» Work item: For the material below, the expected output is exactly the lines between the line holding "social technology for businesses" and the line holding "304 316 Edelstahl", inclusive, with pictures left out.

━━ Listed records

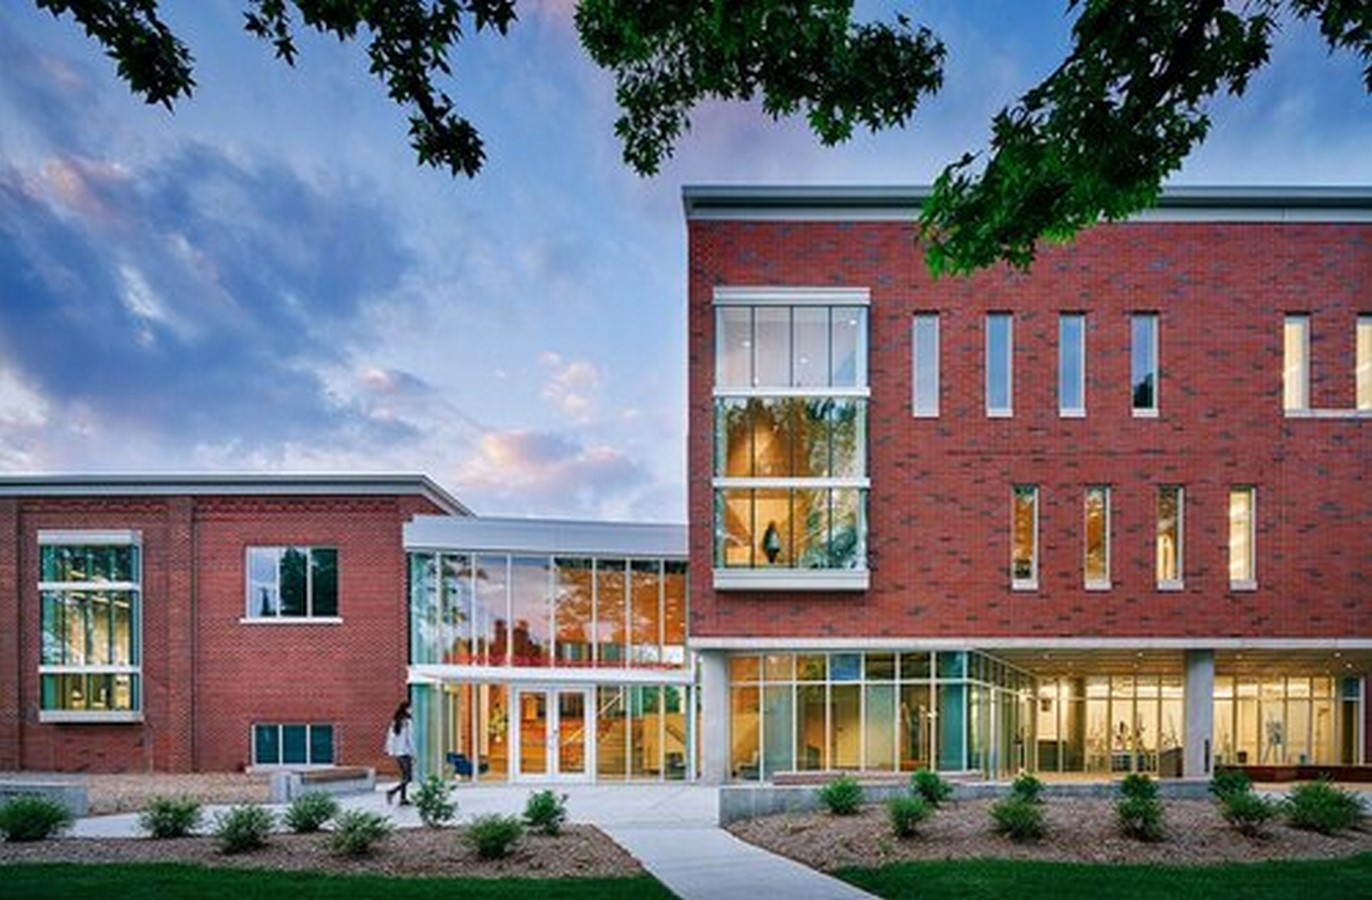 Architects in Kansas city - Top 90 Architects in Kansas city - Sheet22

━━━━
━━ Listed records

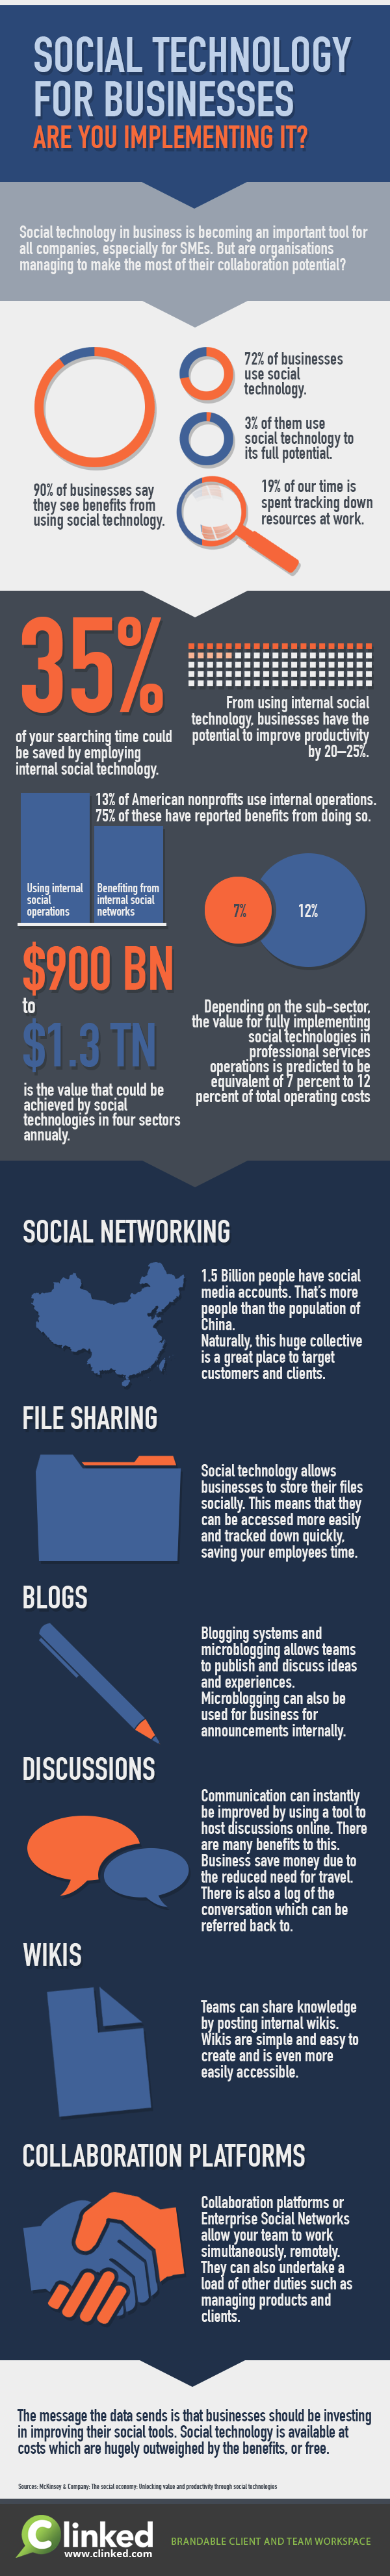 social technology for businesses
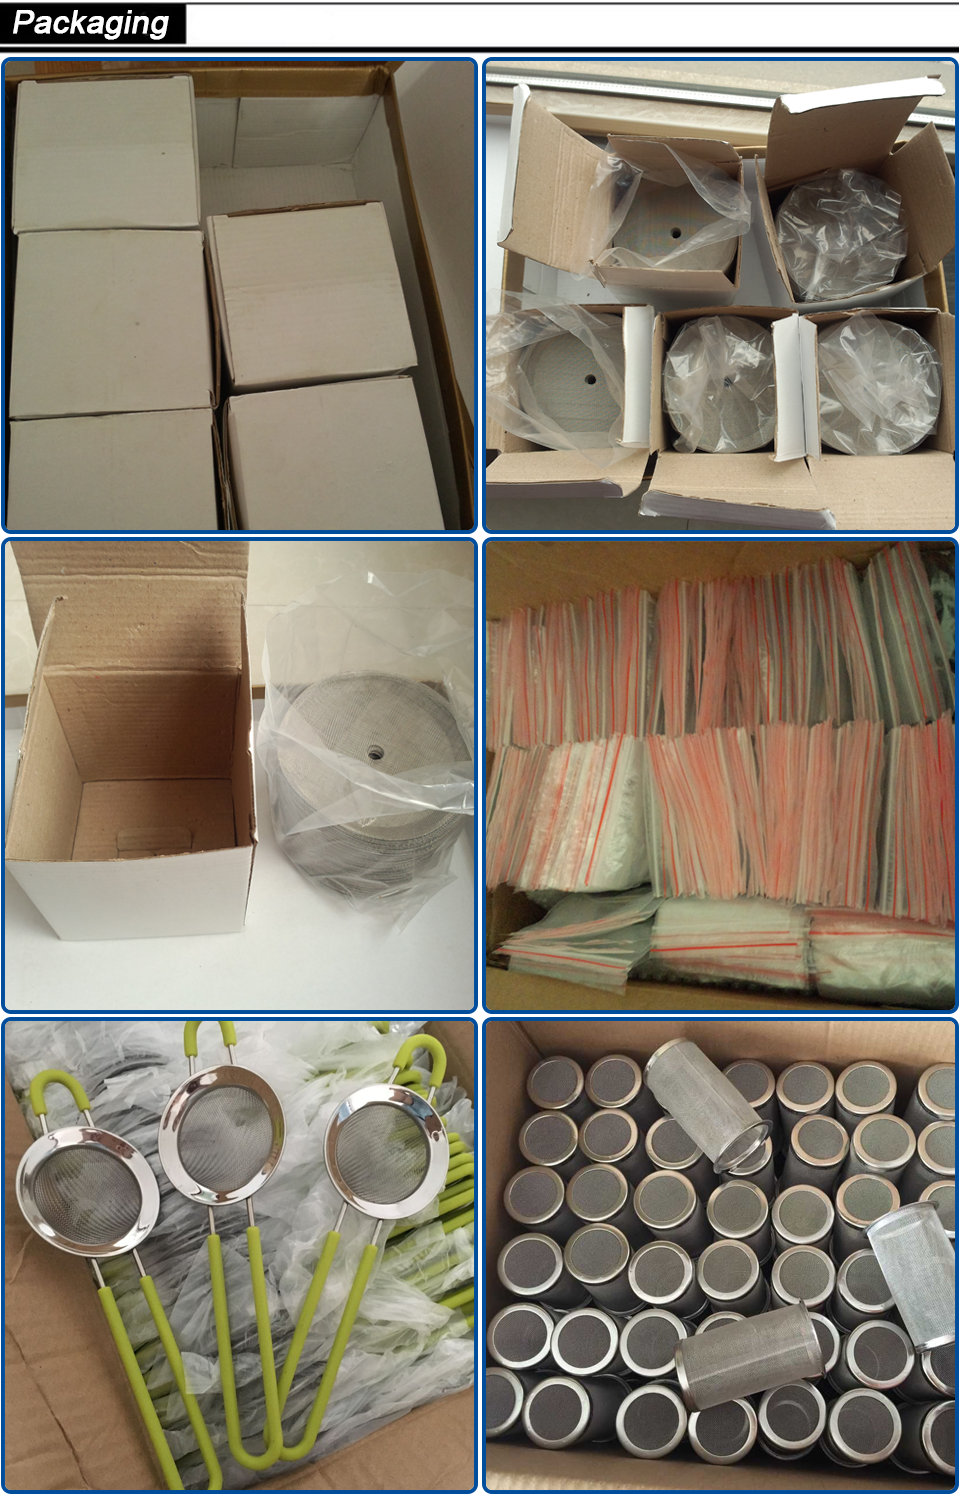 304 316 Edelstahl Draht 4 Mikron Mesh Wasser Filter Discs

━━━━

» Answer box:
 social technology for businesses
 304 316 Edelstahl Draht 4 Mikron Mesh Wasser Filter Discs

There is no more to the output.